North Korea threatens to cancel historic summit with US

 

North Korea cancelled a high-level meeting Wednesday with South Korea and threatened also to call off a historic summit planned later this month with the United States due to ongoing military exercises between the South and the US.

This combination of file pictures created on May 10, 2018 shows US President Donald Trump during a rally at Total Sports Park in Washington, Michigan on April 28, 2018, and a photo released from North Korea's official Korean Central News Agency (KCNA) on April 21, 2018 of North Korean leader Kim Jong-un delivering a speech while attending the Third Plenary Meeting of the Seventh Central Committee of the Workers' Party of Korea in Pyongyang.This combination of file pictures created on May 10, 2018 shows US President Donald Trump during a rally at Total Sports Park in Washington, Michigan on April 28, 2018, and a photo released from North Korea’s official Korean Central News Agency (KCNA) on April 21, 2018 of North Korean leader Kim Jong-un delivering a speech while attending the Third Plenary Meeting of the Seventh Central Committee of the Workers’ Party of Korea in Pyongyang. (AFP)

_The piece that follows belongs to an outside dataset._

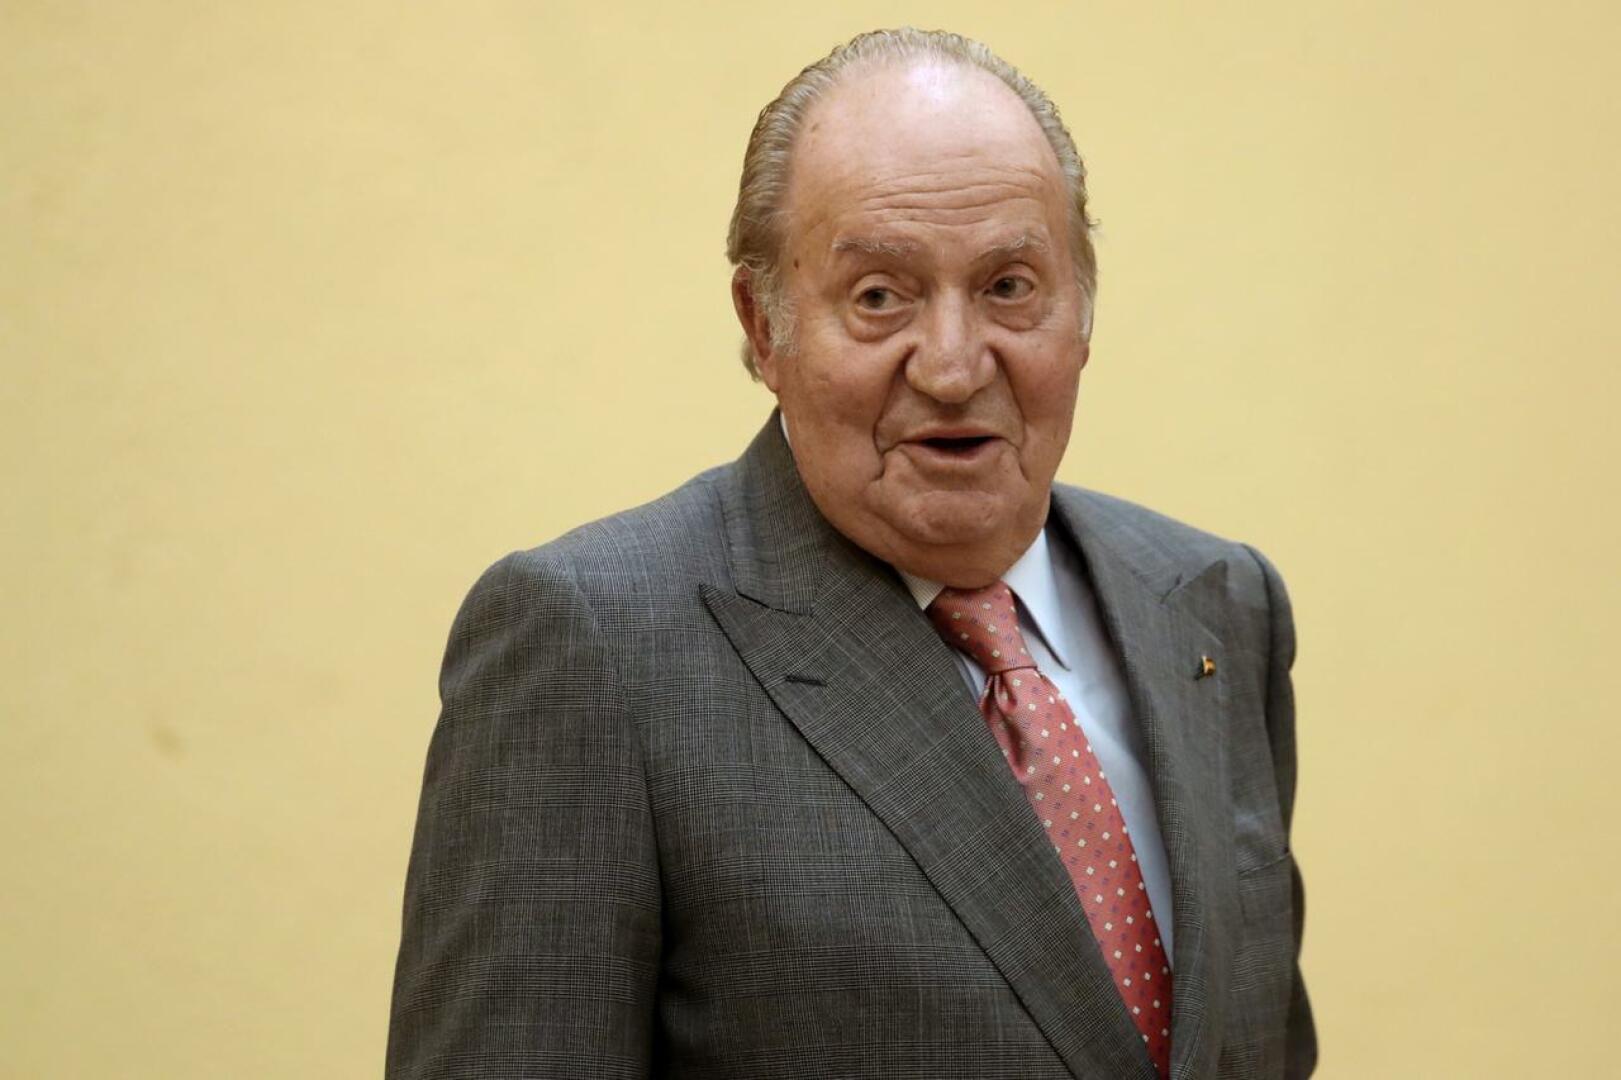 Espanjan ex-kuninkaan Juan Carlosin tämänhetkinen olinpaikka on tuntematon. Kuva on arkistokuva vuodelta 2017.

North Korea on Wednesday called into question a much-anticipated and unprecedented summit between its leader Kim Jong-un and US President Donald Trump, the South’s Yonhap news agency reported.

Pyongyang also cancelled high-level talks due Wednesday with Seoul over the Max Thunder joint military exercises between the US and the South, Seoul said.

The US will “have to undertake careful deliberations about the fate of the planned North Korea-US summit in light of this provocative military ruckus,”Yonhap quoted the North’s official news agency KCNA as saying.

The drills between the two allies’ air forces were a rehearsal for invasion and a provocation at a time when inter-Korean relations were warming, it cited KCNA as adding.

The language used is a sudden and dramatic return to the rhetoric of the past from Pyongyang, which has long argued that it needs nuclear weapons to defend itself against the US.

Hostilities in the 1950-53 Korean War stopped with a ceasefire, leaving the two halves of the peninsula divided by the Demilitarised Zone (DMZ) and still technically at war.

At a dramatic summit last month in Panmunjom, the truce village in the DMZ, Kim and the South’s President Moon Jae-in pledged to pursue a peace treaty to formally end the conflict and reaffirmed their commitment to denuclearising the Korean peninsula.

But the phrase is open to interpretation on both sides and the North has spent decades developing its atomic arsenal, culminating last year in its sixth nuclear test – by far its biggest to date – and the launch of missiles capable of reaching the US.

The drive has seen it subjected to multiple rounds of UN Security Council resolutions, while Trump threatened it with “fire and fury” as he and Kim traded personal insults and threats of war last year.

Then relations underwent a sudden and dramatic turnaround as Moon seized the opportunity presented by February’s Winter Olympics in the South to broker talks between Washington and Seoul.

In a dizzying array of diplomatic steps, the biggest so far was his meeting with Kim in the DMZ last month. The Trump-Kim summit is due in Singapore on June 12, with Washington demanding the North give up its weapons in a complete, verifiable and irreversible way.

High-level talks were meant to take place in the DMZ on Wednesday to discuss follow-up measures to the Panmunjom summit.

But in a statement, Seoul’s unification ministry, which handles relations with the North, said it had received a message “in the name of chief delegate Ri Son-gwon that they were postponing the high-level talks indefinitely, citing the Max Thunder drill.”

“Accordingly, today’s high-level talks won’t take place, and the government will react following consultations among relevant agencies,” it added.